Dr. Phillips is the Director of the Residency in Podiatric Medicine and Surgery at the Orlando Veterans Affairs Medical Center in Orlando, Florida. He holds American Board of Foot & Ankle Surgery and American Board of Podiatric Medicine diplomas. Dr. Phillips is a clinical volunteer Professor of Podiatric Medicine at the University of Central Florida’s College of Medicine. He’s a member of the American Society of Biomechanics, as well.

 

Dr. D’Amico is a Professor and Past Chairman of the New York College of Podiatric Medicine’s Division of Orthopedics. He is a Fellow of the American College of Foot and Ankle Orthopedics and a Fellow of the American Academy of Podiatric Sports Medicine.
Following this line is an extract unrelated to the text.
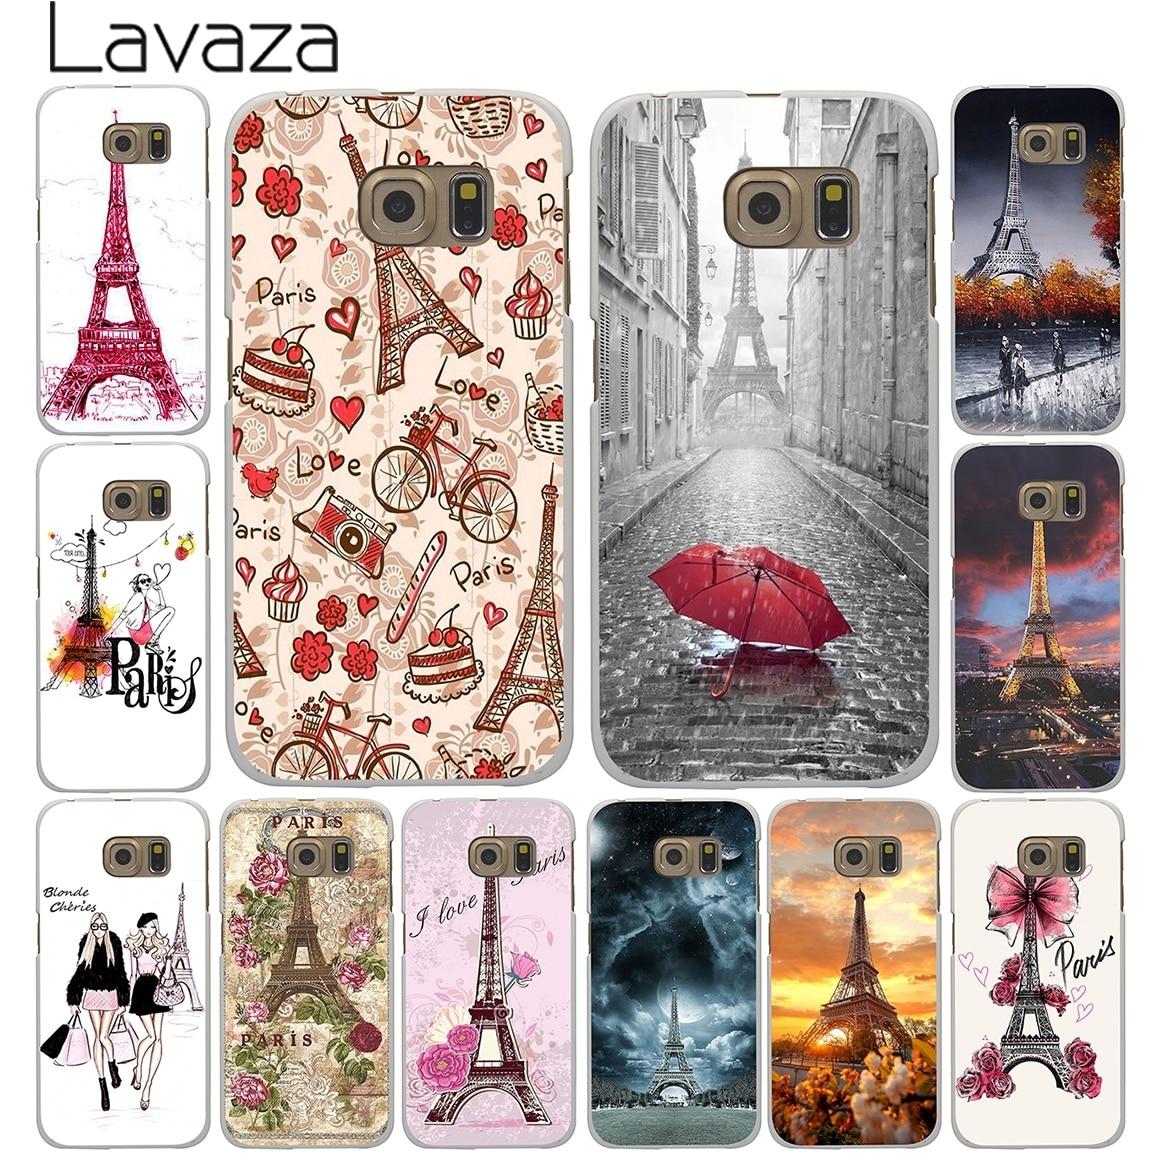 lavaza france paris the eiffel tower fashion case for samsung galaxy a3 a5 a7 a8 j3 j5 j7 2015. Black Bedroom Furniture Sets. Home Design Ideas
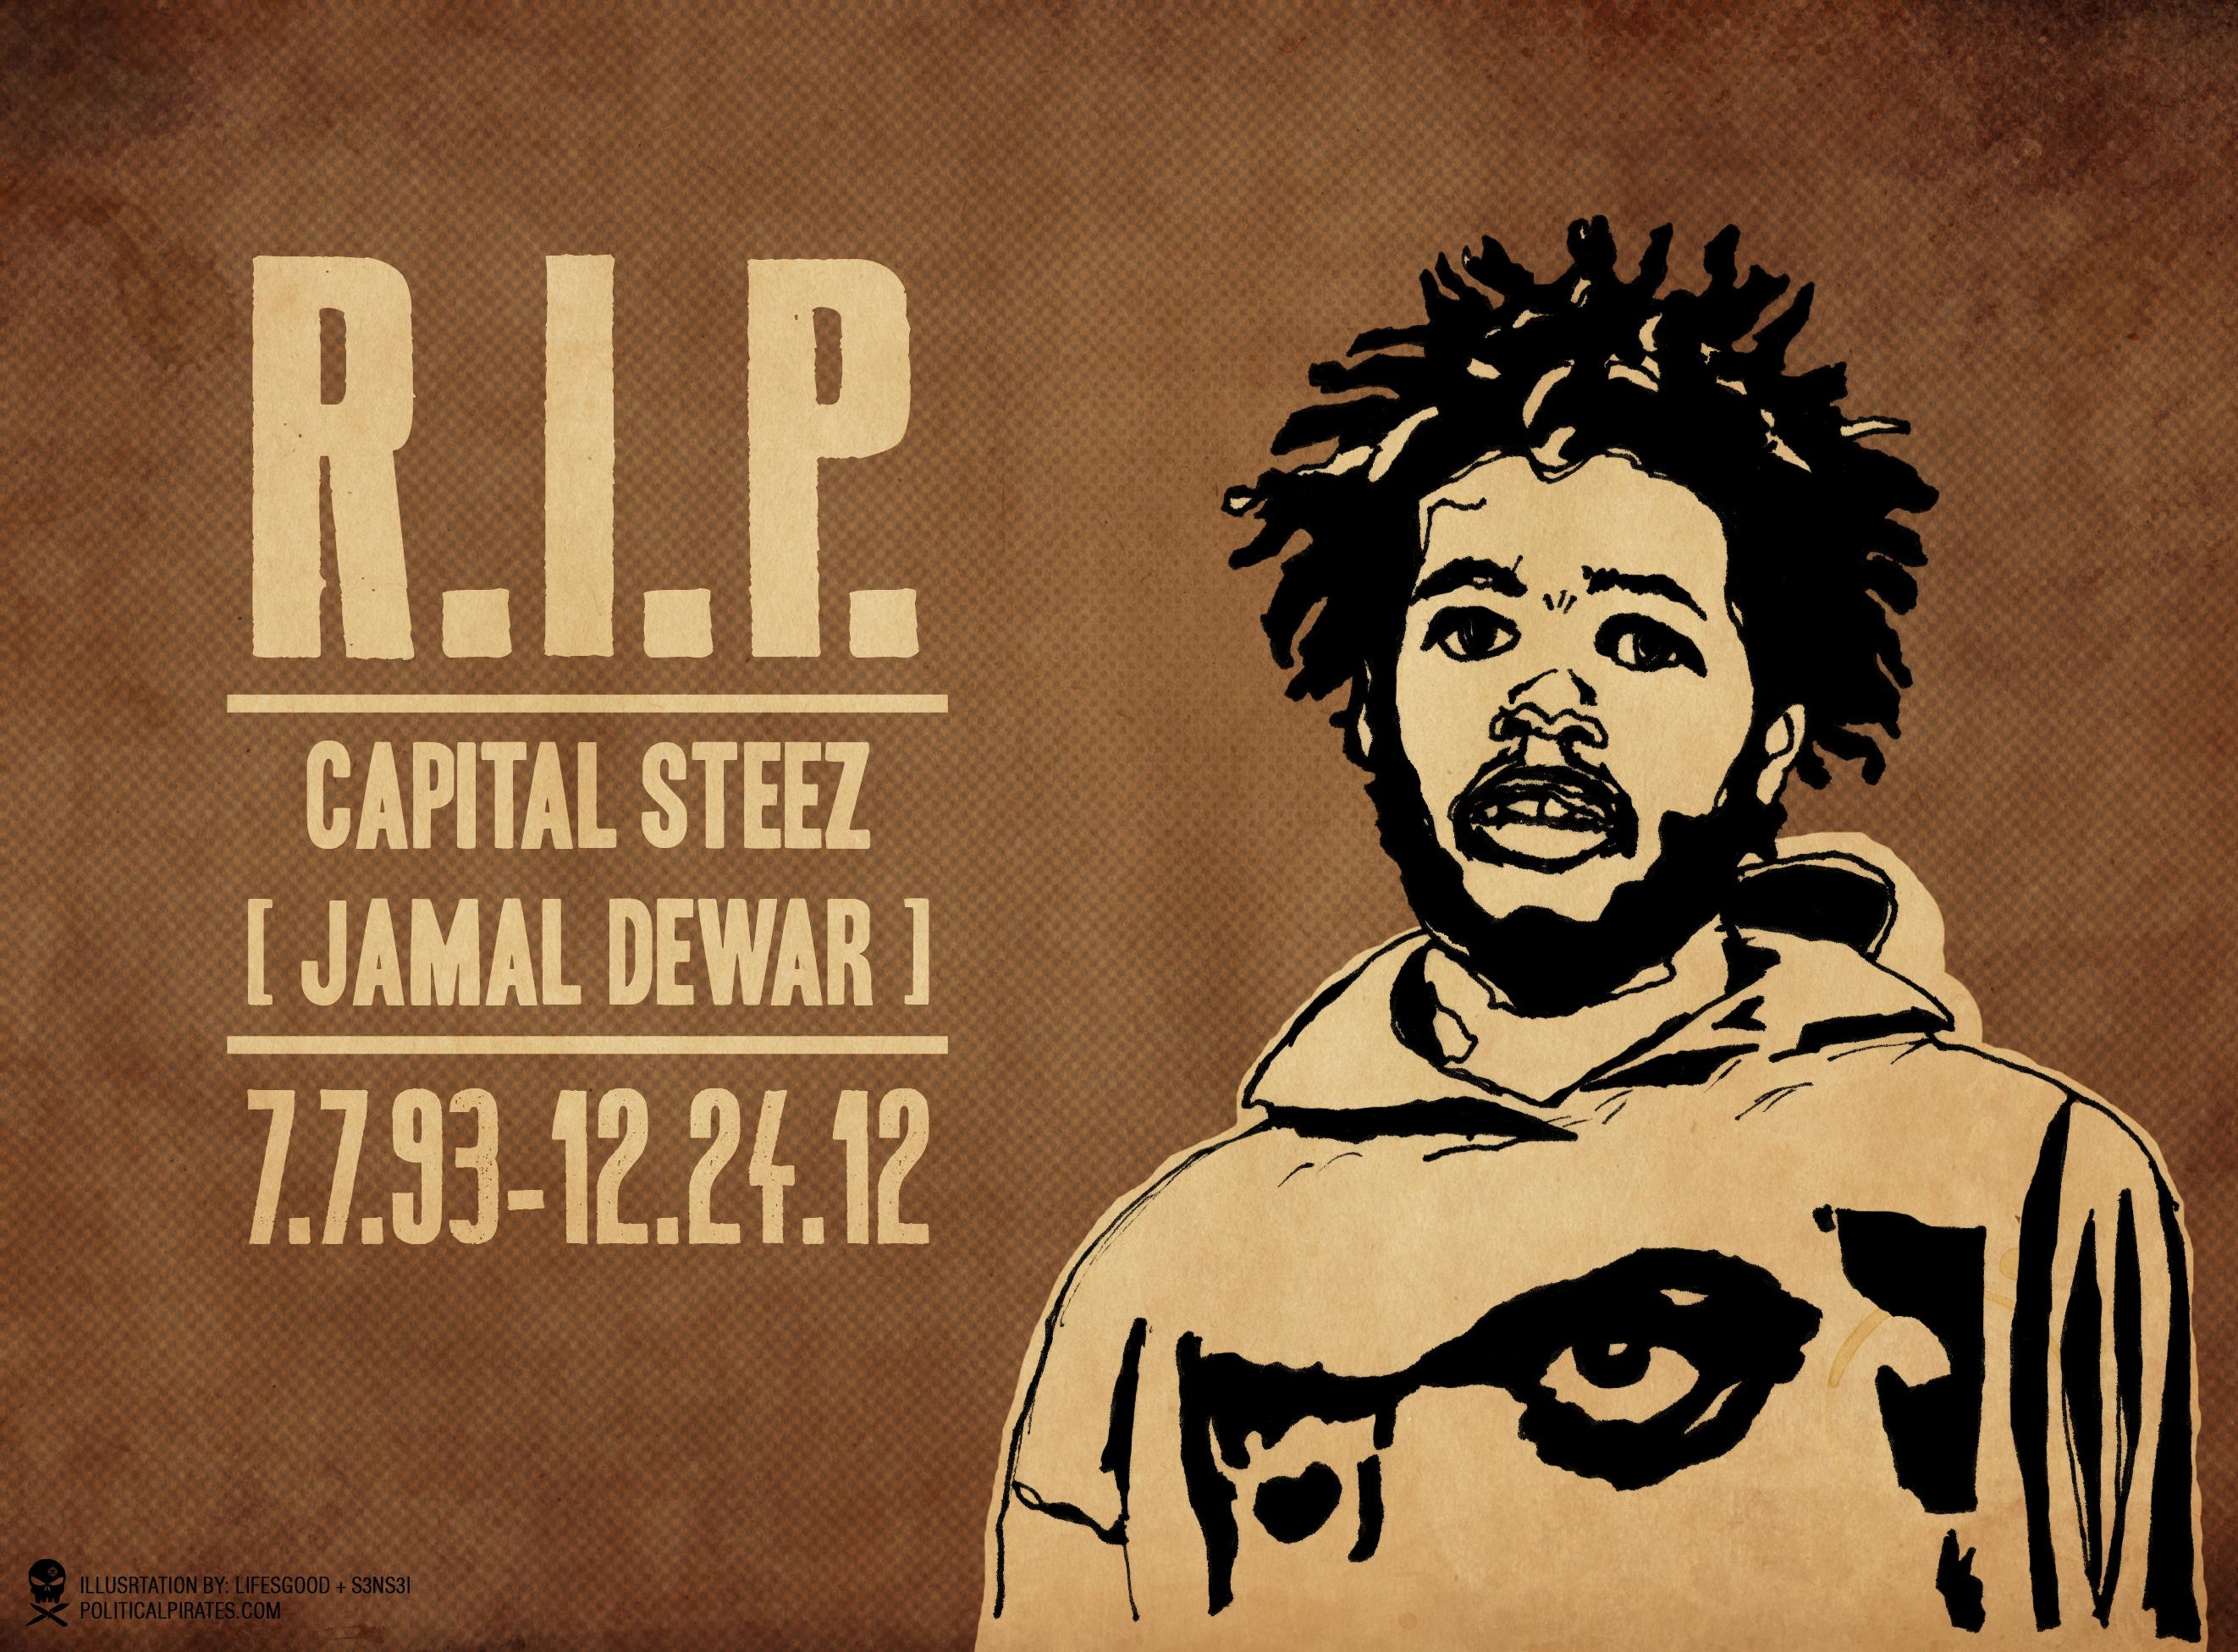 Capital Steez

He is a Diplomate of the American Board of Podiatric Medicine, a Fellow of the American College of Foot and Ankle Orthopedics, and a Fellow of the American College of Foot and Ankle Orthopedics. Dr. D’Amico is a New York City-based private practitioner.

 

1. CA Oatis Gait assessment objectives. Gait Analysis, edited by RL Craik and CA Oatis. Mosby, St. Louis, 1995:328.

 

2. Cavanaugh, P. Running’s shoe-ground interface. Symposium on the Foot and Leg in Running Sports, edited by R.P. Mack. Mosby, St. Louis,1982:30-44.

 

3. Limb length discrepancy: an electrodynographic investigation. D’Amico JC, Dinowitz H, Polchanianoff M. 1985;75(12):639-643 in J Am Podiatr Med Assoc.

 

Keys to Recognizing and Treating Limb Length Disparity, D’Amico JC. Podiatry Today, vol. 27, no. 5, pp. 66-75, 2014.

 

Limb length discrepancy: diagnosis, clinical importance, and management, Blustien SM, D’Amico JC. 1985;75(4):200-206 in J Am Podiatr Med Assoc.